The numbers of peptides observed across replicates varied up to three-fold during the study, with highest peptide numbers recorded after instrument cleaning (Fig. 4b). Adequately dealing with missing values in a large dataset can be challenging. We developed a method termed technical replacement that leverages technical replicates at different phases of instrument maintenance, to replace missing values with plausible intensities. For the purposes of technical replacement, we assigned MS runs into random smaller groups of technical replicates. These groups ranged in size from between two to six replicates for each iteration of technical replacement, with replicates always acquired on different instruments (see Methods). We then replaced missing values with a value sampled from a normal distribution centred around the mean normalised intensity observed for that peptide if it were identified in a technical replicate (see Methods). We found that the effects of instrument maintenance cycles were minimised with three technical replicates (when replacement only occurred for peptides observed in two replicates) and were almost entirely removed with six technical replicates (no constraints on replacement) (Supplementary Fig. 6b, c). We defined likely true and false positives (see Methods) and, after technical replacement, the likely true positive rate increased from 97.2% to over 99% (Fig. 4c). With no constraints on replacement, the likely false positive rate increased with each subsequent technical replicate, from 4.8% to 24.6% with six replicates (Fig. 4c). Hence, to constrain false positive accumulation, we conclude that missing values are best replaced only when a peptide is observed in more than one replicate. Only in this manner can the true positive rate be increased without considerably impacting upon the false positive rate. When technical replacement was applied across replicates acquired on three instruments (where missing values were only replaced when a peptide was observed in two replicates), ~20% of missing values could be replaced with plausible non-zero intensities. Technical replacement became more effective as samples comprised increasing proportions of ovarian cancer tissue (Fig. 4d), likely because higher peptide intensities led to more reliable detection of each peptide in at least two replicates.

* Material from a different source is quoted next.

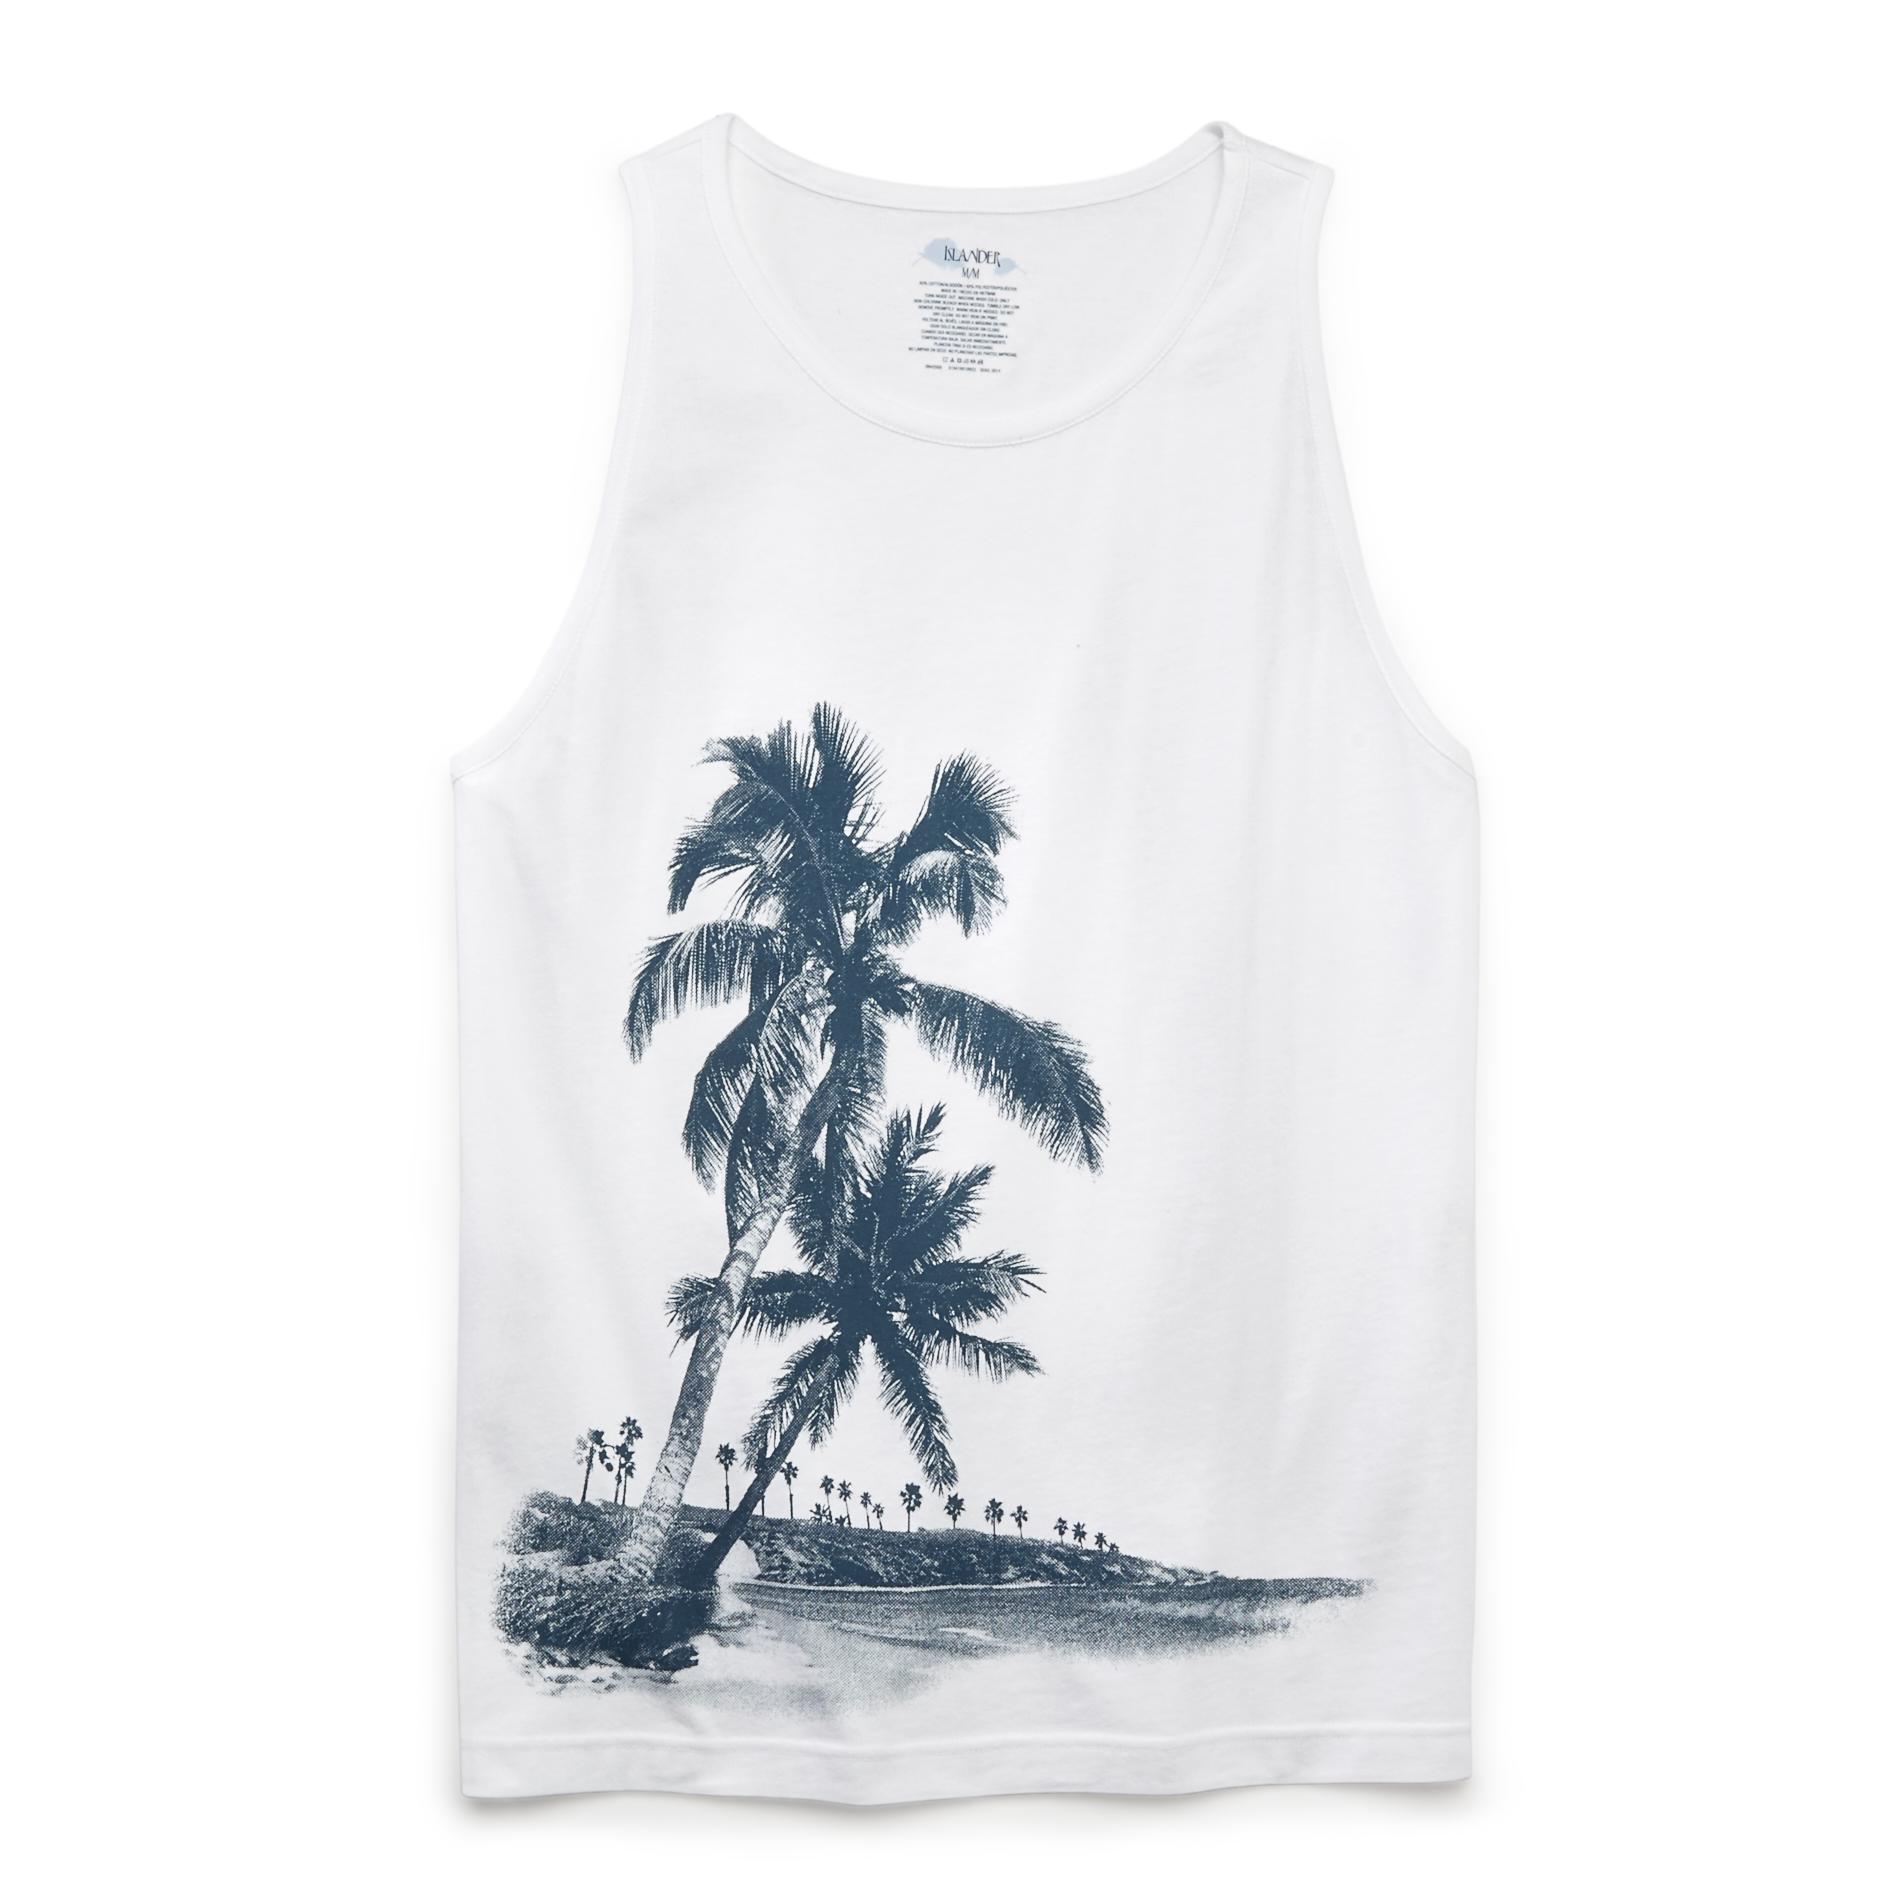 Islander Men's Sleeveless Graphic T-Shirt - Palm Trees
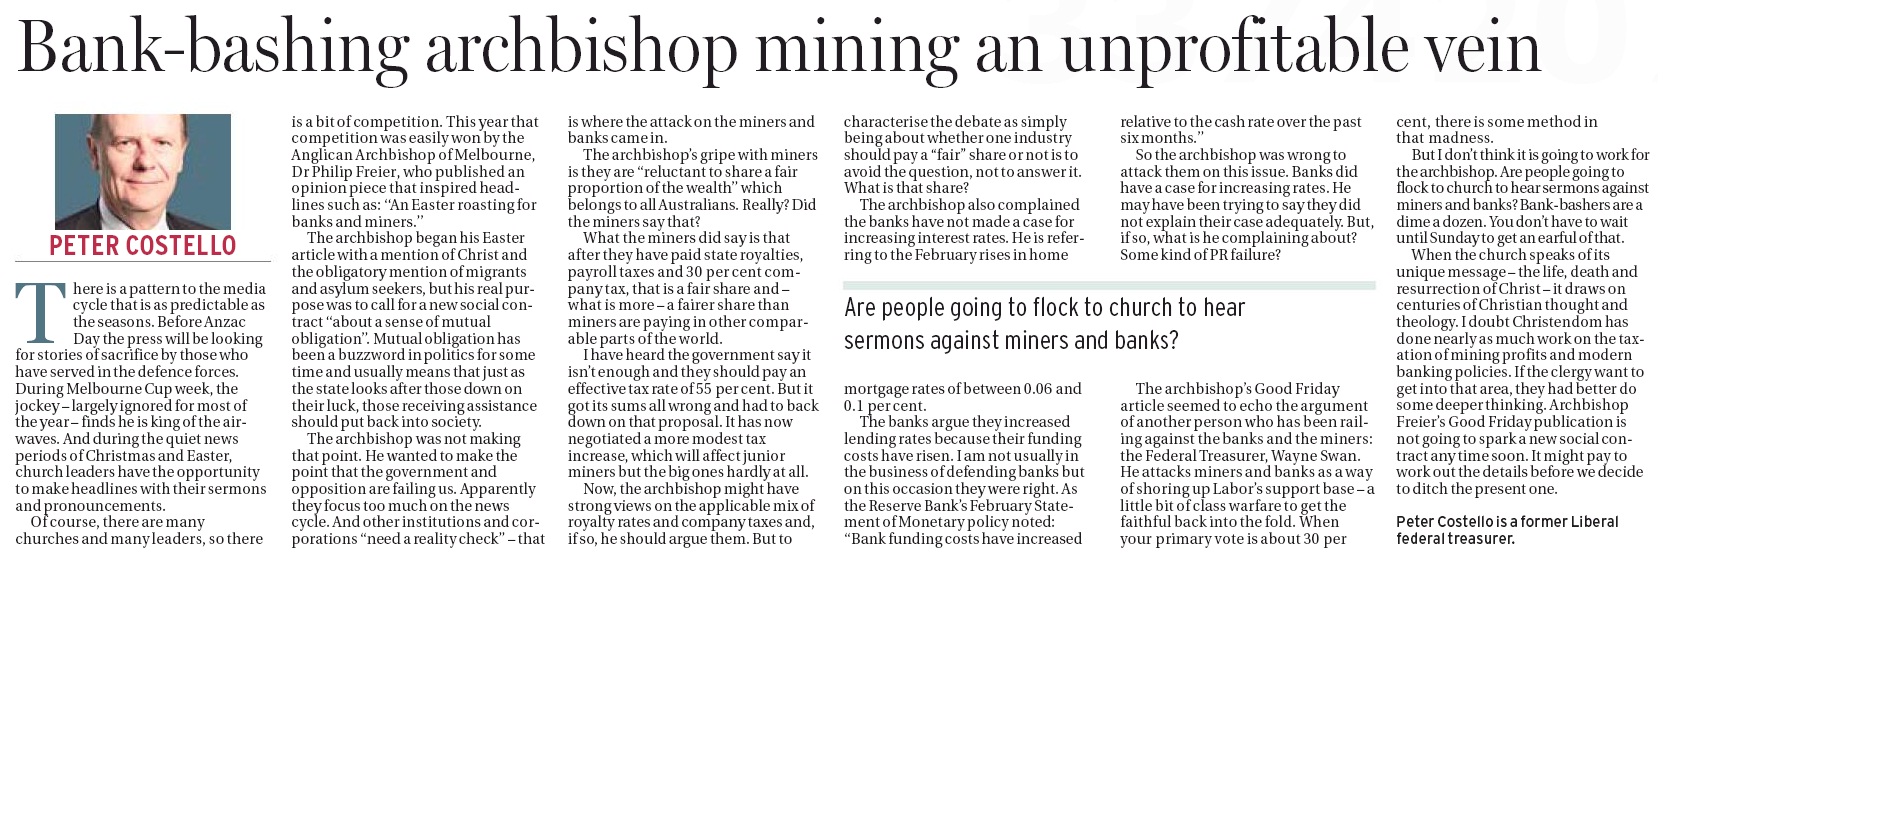 smh_-_bank-bashing_archbishop_mining_an_unprofitable_vein_-_11_april_2012jpg

Acquiring triplicates on different instruments rather than the same instrument resulted in greater numbers of peptide identifications (Supplementary Fig. 6d). Relevant to laboratories where only one instrument is available for a given study, acquiring technical triplicates randomly throughout the experimental period rather than sequentially was able to more effectively minimise the effects of instrument performance degradation (Supplementary Fig. 6e).
We defined the combined use of RUV-III-C and technical replacement on a proteomic dataset as ProNorM (Proteomics Normalisation and Missingness Removal).
Simulation of cohort analyses in proteomics
One goal of clinical proteomics is the detection of statistically significant differences between patient groups. Clinical cohorts and tissue samples are inherently heterogeneous, and technical variation makes differentiation even more challenging. Examining frequently observed human peptides and averaging across technical triplicates, we found that ProNorM conferred a vast improvement on our ability to detect and quantify significant differences in human peptide intensities between samples containing different proportions of human tissue (P < 0.0001 by unpaired t-test; Fig. 5a). Neither median normalisation nor median normalisation plus ComBat produced improvements of such a scale (Supplementary Fig. 7a). Our findings illustrate how ProNorM can improve the quantitative reproducibility of data acquired over a long time period, enabling the improved detection of biologically meaningful differences between samples.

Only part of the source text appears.